Cannabis Before Surgery Linked to More Pain in Older Adults | Evidence Watch

Cannabis Before Surgery Linked to More Pain in Older Adults | Evidence Watch



By Dr. Benjamin Caplan, MD  |  Board-Certified Family Physician, CMO at CED Clinic  |  Evidence Watch

Clinical Insight | CED Clinic

A 2024 propensity-matched study of older surgical patients found that those who used cannabis before surgery reported modestly higher pain scores and received slightly more opioids in the first 24 hours after surgery. The differences were statistically significant but small, and the observational design cannot establish that cannabis caused these outcomes.

Older Adults Who Use Cannabis Before Surgery Report More Pain and Receive More Opioids in the First 24 Hours

A propensity-matched EHR study from a single academic center finds modest but statistically significant associations between preoperative cannabis use and higher postoperative pain scores and opioid consumption in adults over 65, though the effect sizes fall below most clinical significance thresholds and causation cannot be established from this observational design.

CED Clinical Relevance
#72
High Relevance
First study to examine cannabis-postoperative pain associations specifically in older adults using validated NLP exposure ascertainment, addressing a rapidly growing clinical population.
Cannabis
Postoperative Pain
Geriatric Surgery
Opioid Use
EHR Research
Why This Matters

Cannabis use among Americans over 65 has risen dramatically in the past decade, and many of these older adults will undergo major surgery. Yet until now, essentially no published research has examined what preoperative cannabis use means for postoperative pain management specifically in this age group. Older surgical patients are disproportionately vulnerable to both inadequately treated pain and opioid-related adverse events, making this intersection of cannabis use, aging, and perioperative care an urgent gap in the clinical evidence base that demands systematic investigation.

Study at a Glance
Study Type Propensity score-matched retrospective cohort study
Population Adults aged 65 years or older undergoing major inpatient surgery with at least a 24-hour hospital stay (median age 69; 87.7% non-Hispanic white)
Intervention / Focus Preoperative cannabis use within 60 days of surgery, ascertained via NLP of clinical notes and structured EHR data
Comparator Non-cannabis users matched 1:3 by propensity score
Primary Outcomes Average DVPRS pain score and total oral morphine equivalents (OME, mg) within 24 hours post-surgery
Sample Size 504 in the final matched sample (126 cannabis users, 378 non-users); from 22,476 in the parent cohort
Journal Regional Anesthesia and Pain Medicine
Year 2024
DOI / PMID 10.1136/rapm-2024-105633
Funding Source Not explicitly reported
Clinical Summary

Cannabis use among adults over 65 has risen sharply alongside the expansion of medical and recreational legalization, yet its perioperative implications in this population have remained almost entirely unexamined. This study addressed that gap by using a validated natural language processing algorithm to identify cannabis users from clinical notes in the electronic health record at the University of Florida Health, overcoming a well-known limitation of prior research that relied on ICD codes alone. The NLP system achieved 93% precision and 95% recall, capturing approximately 26 times more cannabis users than ICD codes would have identified. The investigators then applied propensity score matching on a broad set of clinical covariates to create balanced comparison groups of older surgical patients.

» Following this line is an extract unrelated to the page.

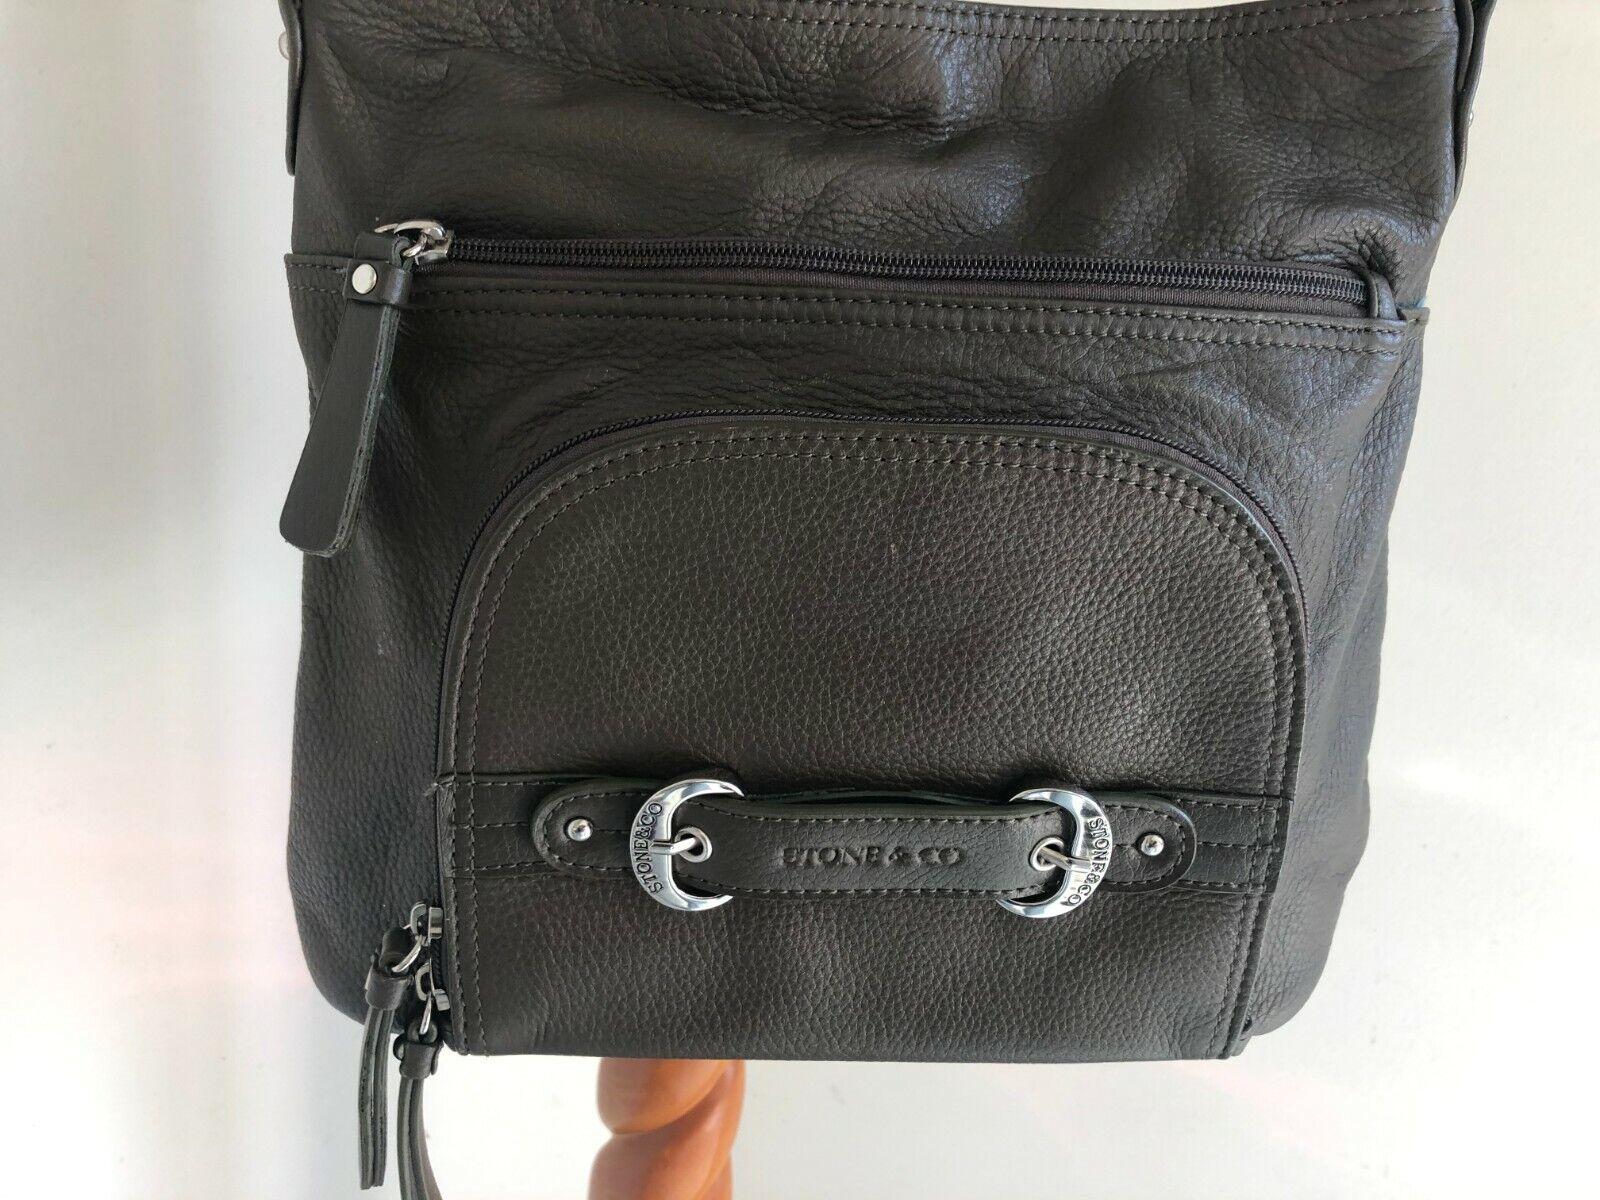 STONE & CO LEATHER SHOULDER BAG PURSE BROWN EXCELLENT

In the final matched sample of 504 patients, cannabis users had significantly higher median postoperative pain scores (4.68 vs. 3.88 on a 0 to 10 scale; difference 0.80 points; 95% confidence limits 0.19 to 1.36; p=0.01) and received more opioids (42.5 vs. 30.0 mg oral morphine equivalents; difference 12.5 mg; 95% confidence limits 3.80 to 21.20; p=0.02) in the first 24 hours. However, the pain score difference falls below most accepted minimal clinically important difference thresholds, and the opioid difference corresponds to roughly one additional standard tablet of oxycodone. The authors appropriately acknowledge that cannabis dose, frequency, route, and reason for use were unmeasured, and they call for prospective studies with detailed exposure characterization.

Dr. Caplan’s Analysis
A physician’s reading of the evidence

Older Cannabis Users Report Modestly Higher Pain After Surgery: What a New EHR Study Does and Doesn’t Show

Nearly one in twenty Americans over 65 now uses cannabis, and many of them will undergo surgery. A new study asks what that means for postoperative pain, and the answer is more nuanced than the headlines suggest. The paper appears to claim that cannabis use is associated with increased postoperative pain and opioid requirements in older adults, and what it actually tested is whether, after balancing a set of measurable clinical characteristics, older cannabis users had higher pain scores and opioid consumption in the first 24 hours after major inpatient surgery. Before any criticism, the study deserves genuine credit: the NLP-based cannabis ascertainment is a real methodological step forward. The finding that ICD codes captured only 3.75% of the cannabis users identified by the algorithm is striking, and it is the kind of result that should make every researcher who has relied on billing codes alone for cannabis exposure feel uneasy. To put it plainly, using ICD codes to count cannabis users is like trying to count all coffee drinkers in a hospital by looking only at caffeine toxicity diagnoses. You would miss nearly everyone. This single finding may prove to be the study’s most lasting contribution to the field.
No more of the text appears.